SCIENCE CLEARLY shows that urgent action is needed to reduce human-produced greenhouse gases that are heating Earth's atmosphere.
Record high temperatures are melting glaciers and polar ice, thawing permafrost, warming oceans and increasing extreme weather.
Carbon dioxide being absorbed by oceans is causing ocean acidification that will severely harm ocean ecosystems and the entire marine food web. Warming oceans and acidification will cause the death of coral reefs that sustain the majority of ocean life.

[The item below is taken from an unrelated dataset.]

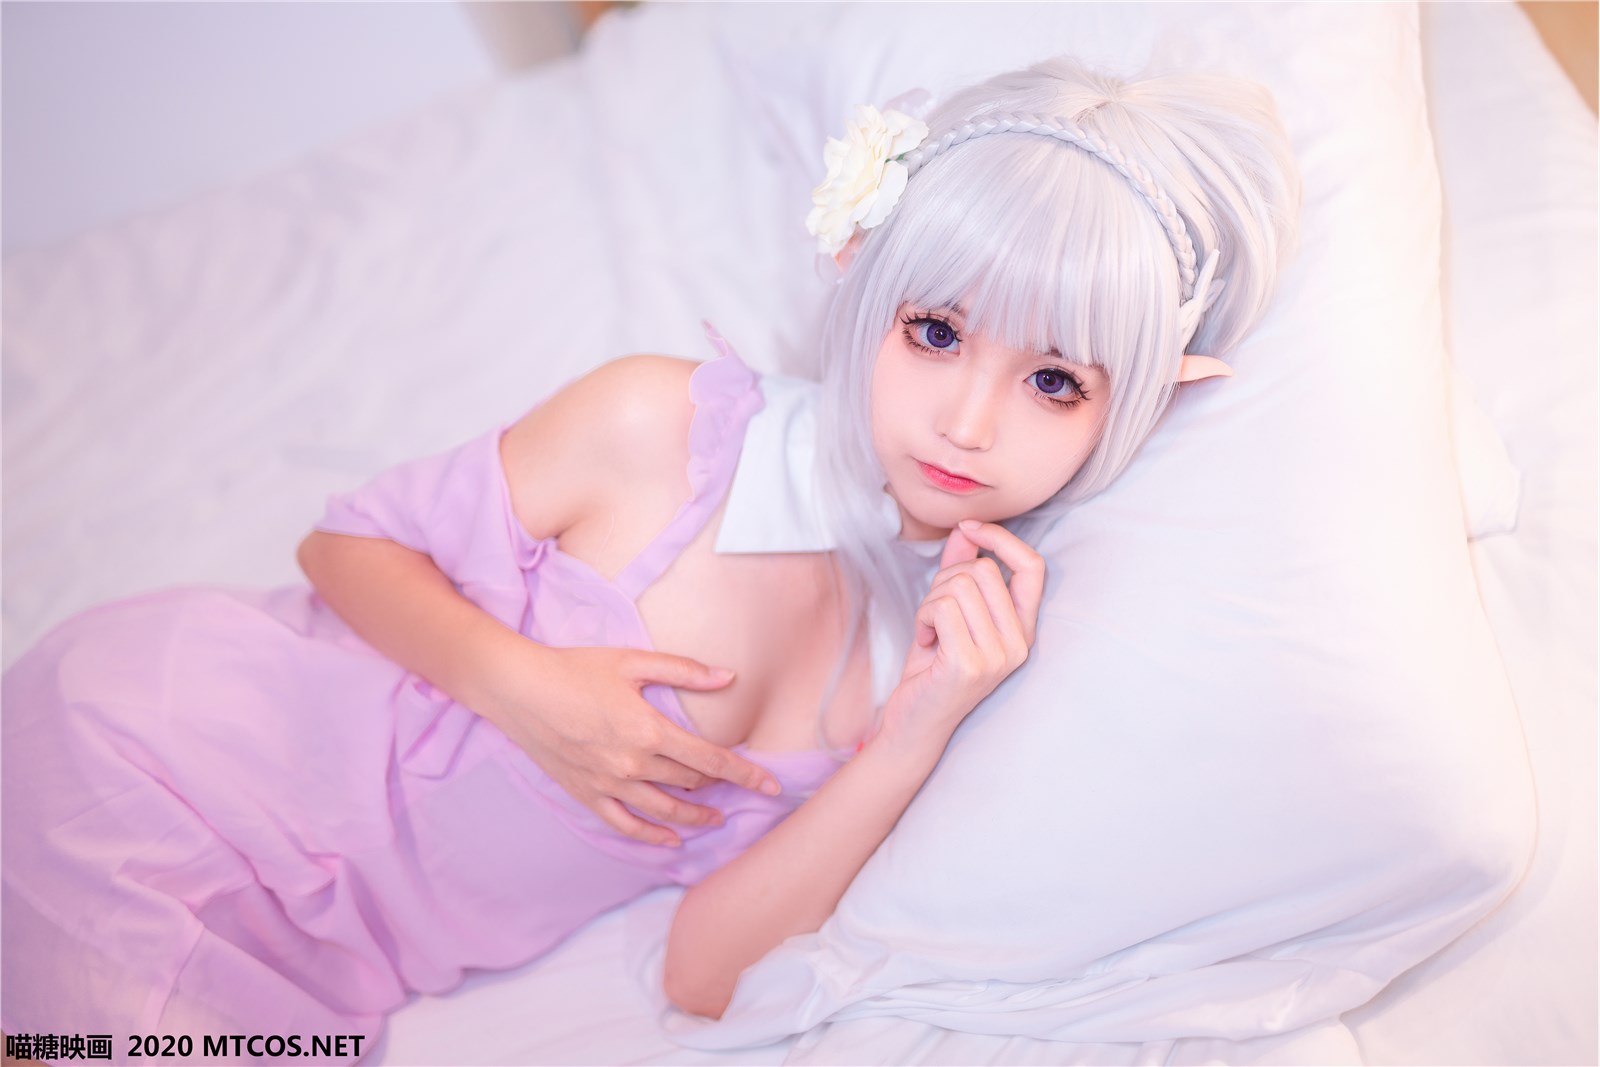 Meow candy picture Vol.118 foam off shoulder Nightgown(7)

Columnist Thomas Sowell's clever collage of distortions discrediting science, "Change in Earth's temperate is not at all new," (Times, April 2) ignores the reality that human-caused heat-trapping carbon dioxide in the atmosphere has risen sharply to 391 parts per million (ppm), far above the highest carbon dioxide level of 300 ppm over the past 650,000 years.
Sowell's article is "not at all new" oil industry propaganda designed to cast doubt on science and dismantle and defeat climate legislation so the oil industry can maintain its dominance in the global economy.
The, "Carbon Fees and Dividend Act," is climate and energy legislation that would fulfill the urgent need to significantly reduce greenhouse gas emissions by gradually raising the price of fossil fuels with refundable carbon fees so clean alternative energy would become less expensive and a better investment than carbon-based energy.
The free-market mechanisms of the legislation provide incentives for conserving energy and investing in the new generation of alternative energy technology, low- and no-emission vehicles and energy efficient appliances.
The Waxman/Markey, "American Clean Energy and Security Act," that passed in the House, will not adequately reduce emissions because it uses complicated "cap and trade" mechanisms that allow companies to buy carbon credits through 2050 rather than reduce emissions and provides credits for carbon offsets that are not verifiable and lead to gaming and fraud.
The Carbon Fees and Dividend Act would establish fees on carbon at refineries, coal mines and natural gas wells or anywhere carbon first enters the economy. The fees would gradually increase over 10 years until the price of alternative energy becomes less expensive than carbon-based energy.
The Internal Revenue Service would collect the fees and the total amount collected would be refunded as dividends to all American citizens and legal residents. The payments would be the same for everyone 18 and older. A maximum of two family members under 18 years of age per household would each receive one-half the amount paid to those over 18.
The equal payment amounts would reward conservation because people who make smart energy saving choices and investments would have extra income for non-energy uses. The dividend payments would compensate for higher energy-related cost of products and keep energy prices affordable so the economy would not be disrupted.
The United States is currently emitting approximately 6.5 billion tons of carbon dioxide a year. The carbon fees would start at $15 per ton of carbon dioxide emissions and increase $10 per year to $115 per ton. If emissions were reduced by a third during those 10 years, the fees collected would increase from $195 billion per year to $460 billion. With a U.S. population of 309 million, the dividend payments for everyone 18 and older would increase over 10 years from $362 to $1,844 per year and for those 17 and younger from $181 to $922.
The Department of Energy would establish equivalent refundable fees for other greenhouse gases including methane, nitrous oxide, sulfur hexafluoride and hydrofluorocarbons.
All of the fees collected would be combined for distribution in a, "Dividend Trust Fund."
Fossil-fuel subsidies would be phased out over five years and new coal-fired power plants would not be permitted because of planned obsolescence.
To assure equity in international trade, the Department of Commerce would establish Carbon-Fee-Equivalent Tariffs for goods entering the U.S. from countries without carbon fee pricing and Carbon-Fee-Equivalent Rebates to reduce the price of U.S. exports so they remain competitive.
Carbon pricing between countries provides economic benefits to all countries and would be more effective at reducing emissions than the "cap and trade" mechanisms of the Kyoto Protocol. The United States should seek carbon-pricing treaties with China, Brazil and India as well as with the United Nations as the basis for the next phase of the Kyoto Protocol.
The Times article, "Antioch begins tackling air pollution," (March 30) illustrates how communities throughout California and the United States are planning ways to, "reduce greenhouse gas emissions and adapt to climate change."
The Carbon Fees and Dividends Act would bring America together in becoming energy independent, building a sustainable clean-energy economy and creating a healthy global environment.
Mark Altgelt is a resident of Vallejo.